Also fütterte man den Simulator in der Ecke des Besprechungsraums mit den Daten, die die Fiktion "Stromerzeugung durch Rotorblätter in großer Höhe" untermauern sollten. Das Ergebnis war äußerst ernüchternd: hoher Energieaufwand bei der Herstellung der Anlagen, unsichere, schwankende Energiegewinnung, hohe Kosten für die spätere Entsorgung des Materials, dazu schwer abzuschätzende Folgekosten durch schallbedingte Gesundheitsschäden sowie durch Bodenverdichtung und den Verlust von Grünflächen. Die Geschichte schien sich demnach kaum als Begründungsschema für die Bedeckung ganzer Landstriche mit über 100 Meter hohen Betonpfählen zu eignen.
"Schade – das war wohl nichts", musste selbst derjenige zugeben, der die Idee eingebracht hatte.

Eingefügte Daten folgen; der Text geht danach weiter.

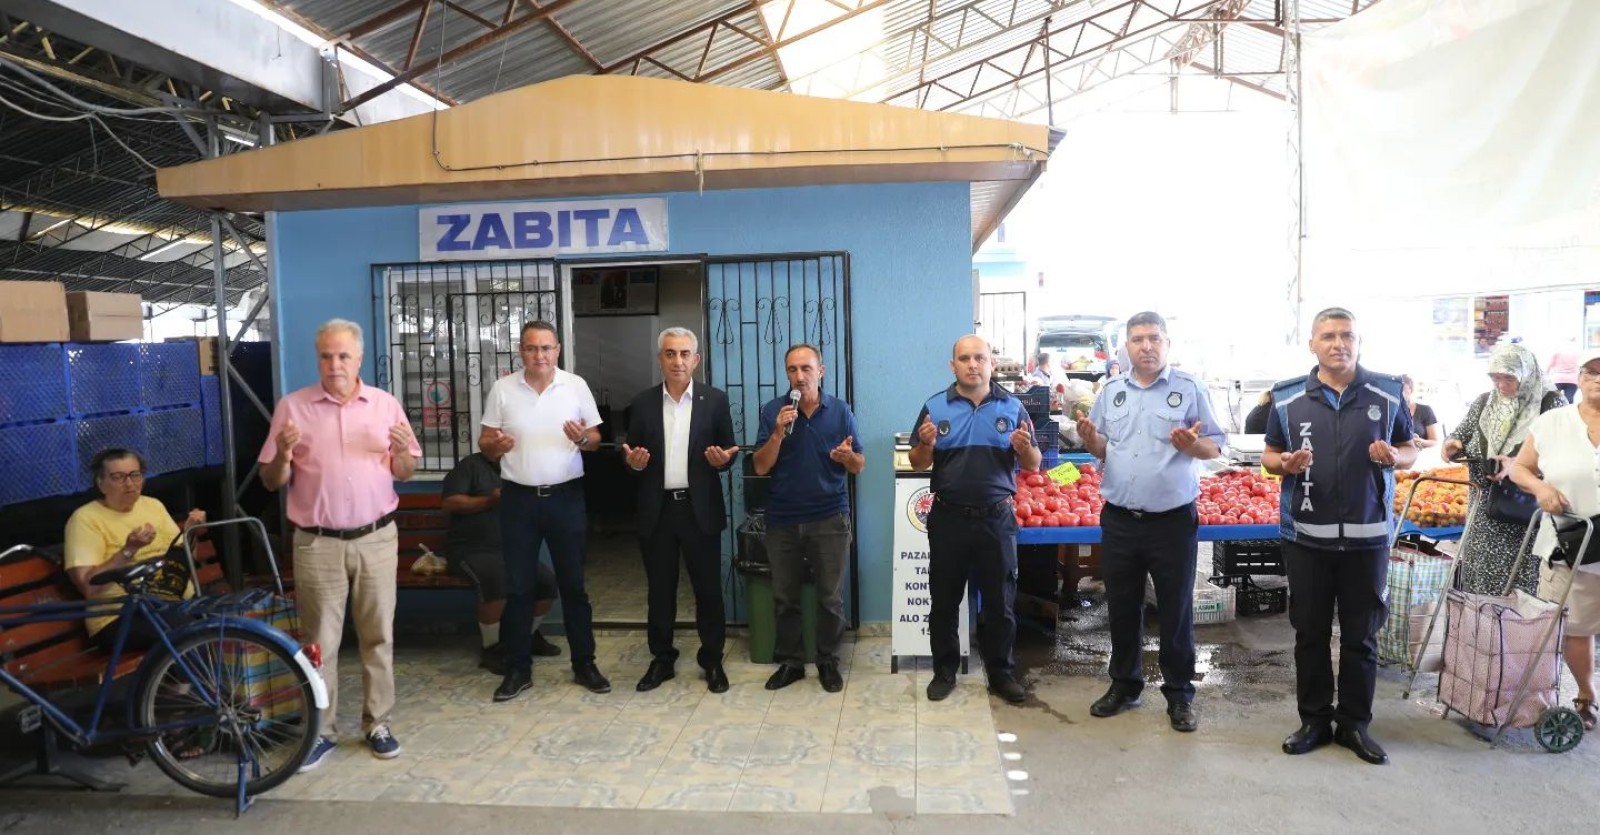 Belediye Başkanımız Muhammet Karakuş pazar duasına katılarak, pazaryerindeki esnaflarımıza hayırlı kazançlar dileklerinde bulundu.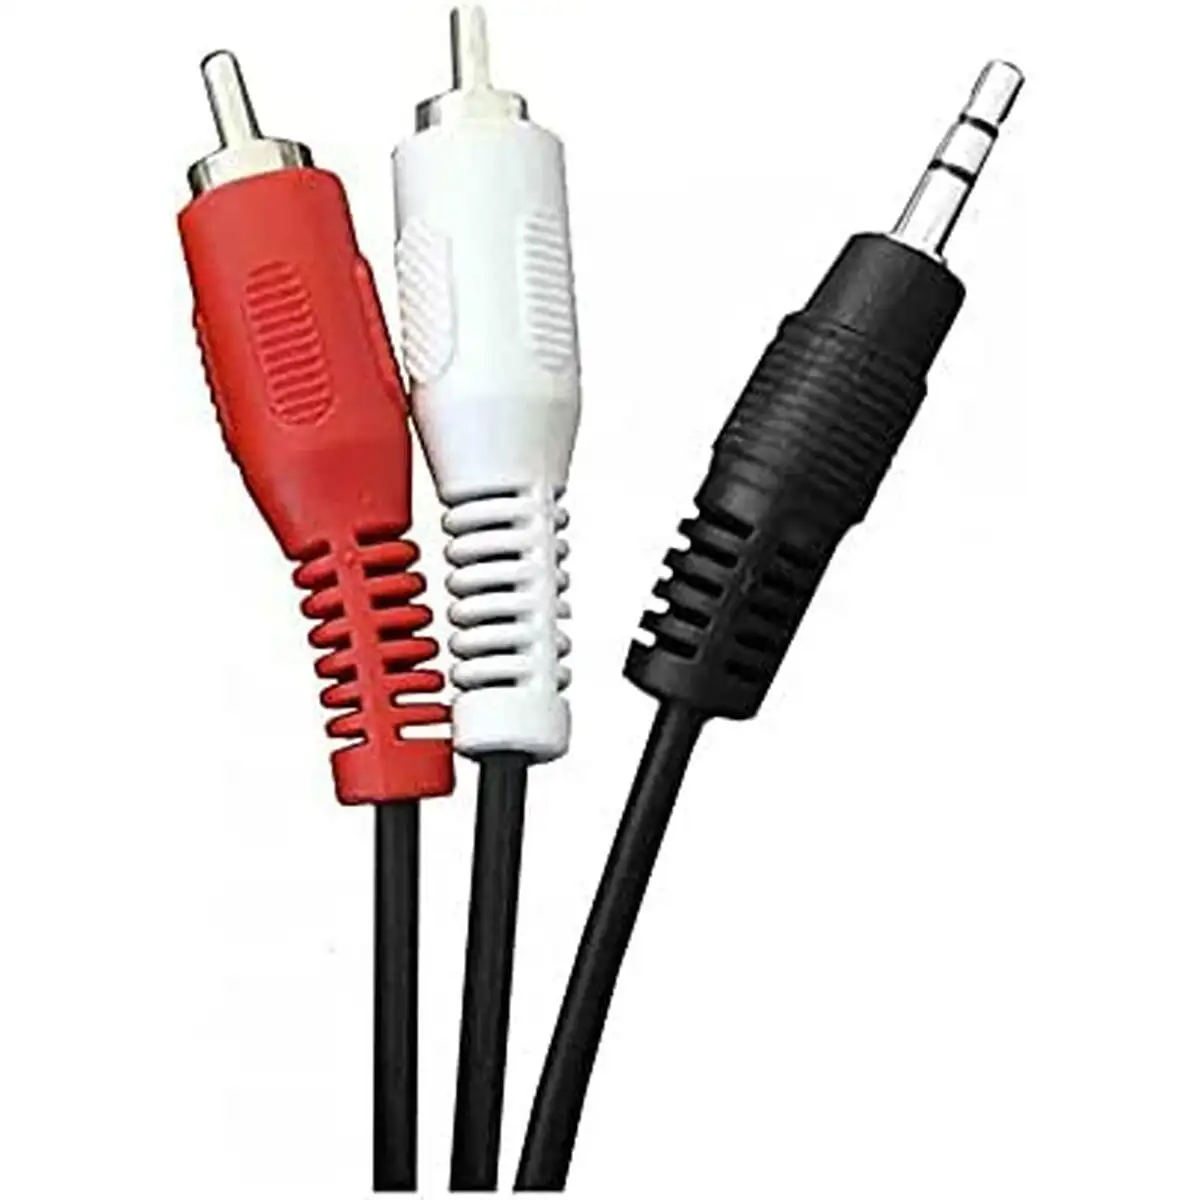 Cable audio jack 3 5 mm vers 2 rca edm 1 5 m_1475. DIAYTAR SENEGAL - Votre Portail Vers l'Exclusivité. Explorez notre boutique en ligne pour découvrir des produits uniques et raffinés, conçus pour ceux qui recherchent l'excellence.

"Nun mal langsam", bremste der Leiter der Erkundungsmission, der sich bislang aus der Diskussion herausgehalten hatte. Auf seinem Schädel war ein fensterähnliches Rechteck zu sehen – vielleicht ein Symbol für den Blick in ferne Welten. "Ich finde den Vorschlag gar nicht so schlecht", widersprach er der allgemeinen Einschätzung.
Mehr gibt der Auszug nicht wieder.